Eighty-two DNA FAD sequences of grasses were found in GenBank. They corresponded to A. tauschii (2), B. distachyon (12), H. vulgare (7), Oryza brachyantha (5), O. sativa (7), S. italica (5), S. bicolor (10), T. aestivum (6), T. urartu (2), and Z. mays (26) (Supplementary Table 1). Both soluble acyl-ACP and acyl-lipid desaturases were represented albeit most of them belonged to the second group. In Gramene database, 121 FAD deduced from grass genomes were available. Both groups of desaturases were represented in the following species: A. tauschii (15), B. distachyon (4), H. vulgare (5), O. brachyantha (6), O. barthii (4), O. glaberrima (3), O. glumaepatula (3), O. nivara (3), O. punctata (2), O. sativa Indica (8), O. sativa Japonica (20), S. italica (4), S. bicolor (3), T. aestivum (9), T. urartu (20), and Z. mays (12).

Further analyses were performed using only those sequences from GenBank for which either messenger RNA (mRNA) or cDNA were available. Therefore, sequences automatically deduced from genomic DNA were excluded, excepting seven desaturases that can be distinguished by an ID number that begins with an XP_ format (Supplementary Table 1).

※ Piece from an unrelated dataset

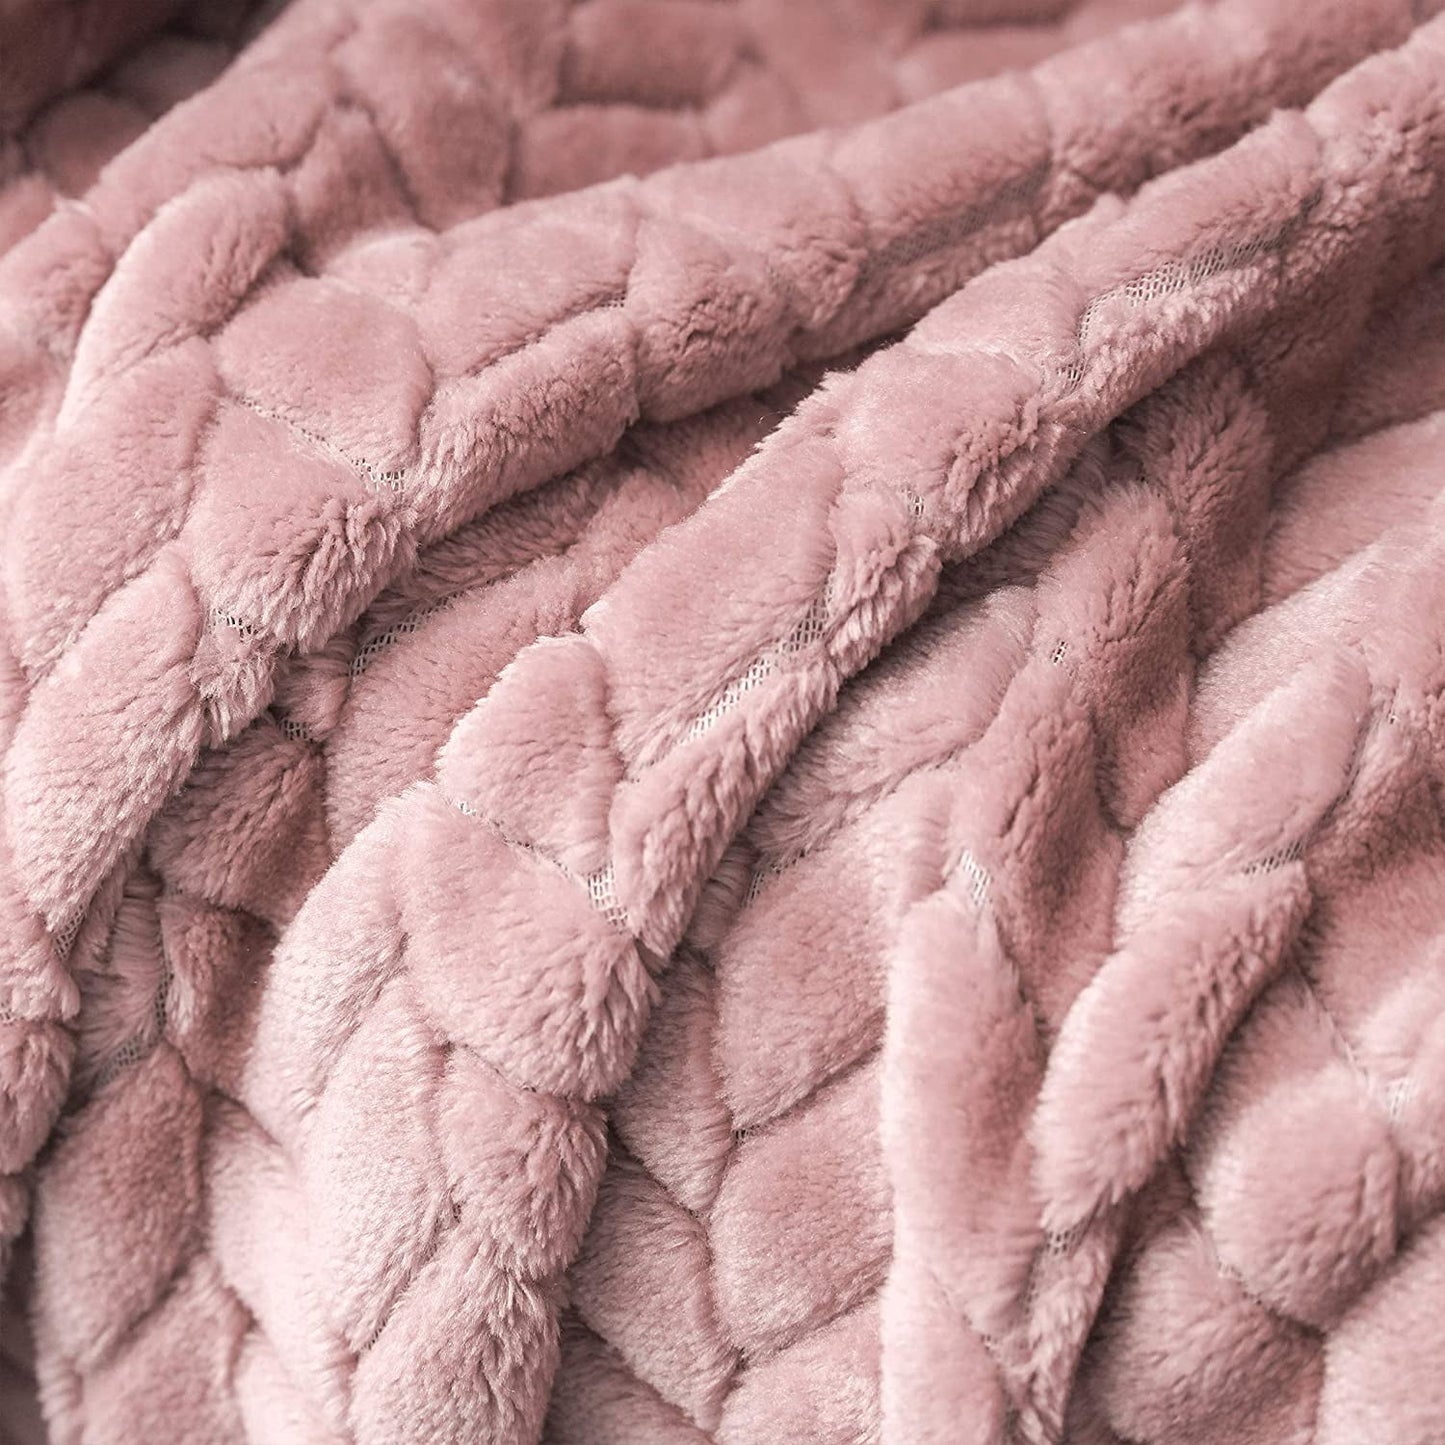 Exclusivo Mezcla Large Flannel Fleece Throw Blanket, Jacquard Weave Leaves Pattern (50" x 70", Pink) - Soft, Warm, Lightweight and Decorative

Some incomplete sequences were detected. As an example, maize FAD8 (BAA22440) lacked the first 49 amino acids, and was hence excluded from the analysis. Duplicated DNA or protein sequences bearing different accession numbers were also detected, as was the case of maize delta-12 FAD (BAE93382.1) and FAD2 (ABF50053.1). Similarly, rice FAD8 accession numbers AAW32557.1 and BAE79784.1 corresponded to the same gene sequence that was, respectively, induced by cold or repressed after pathogen infection. In the analysis that followed, duplicated sequences were included only once.

Mapping of Desaturase Genes

In silico mapping of desaturase sequences identified multiple chromosomal sites in ten grass species (Supplementary Table 1). When more than one locus was found in a species, they were spread in several different linkage groups. For instance, corn desaturases mapped in all ten chromosomes of its haploid complement.

In polyploid wheat, desaturase homologous genes could be assigned to specific A, B, or D genomes only when the alignment between the query and the corresponding contig hit was complete (four out of six cases; Supplementary Table 1).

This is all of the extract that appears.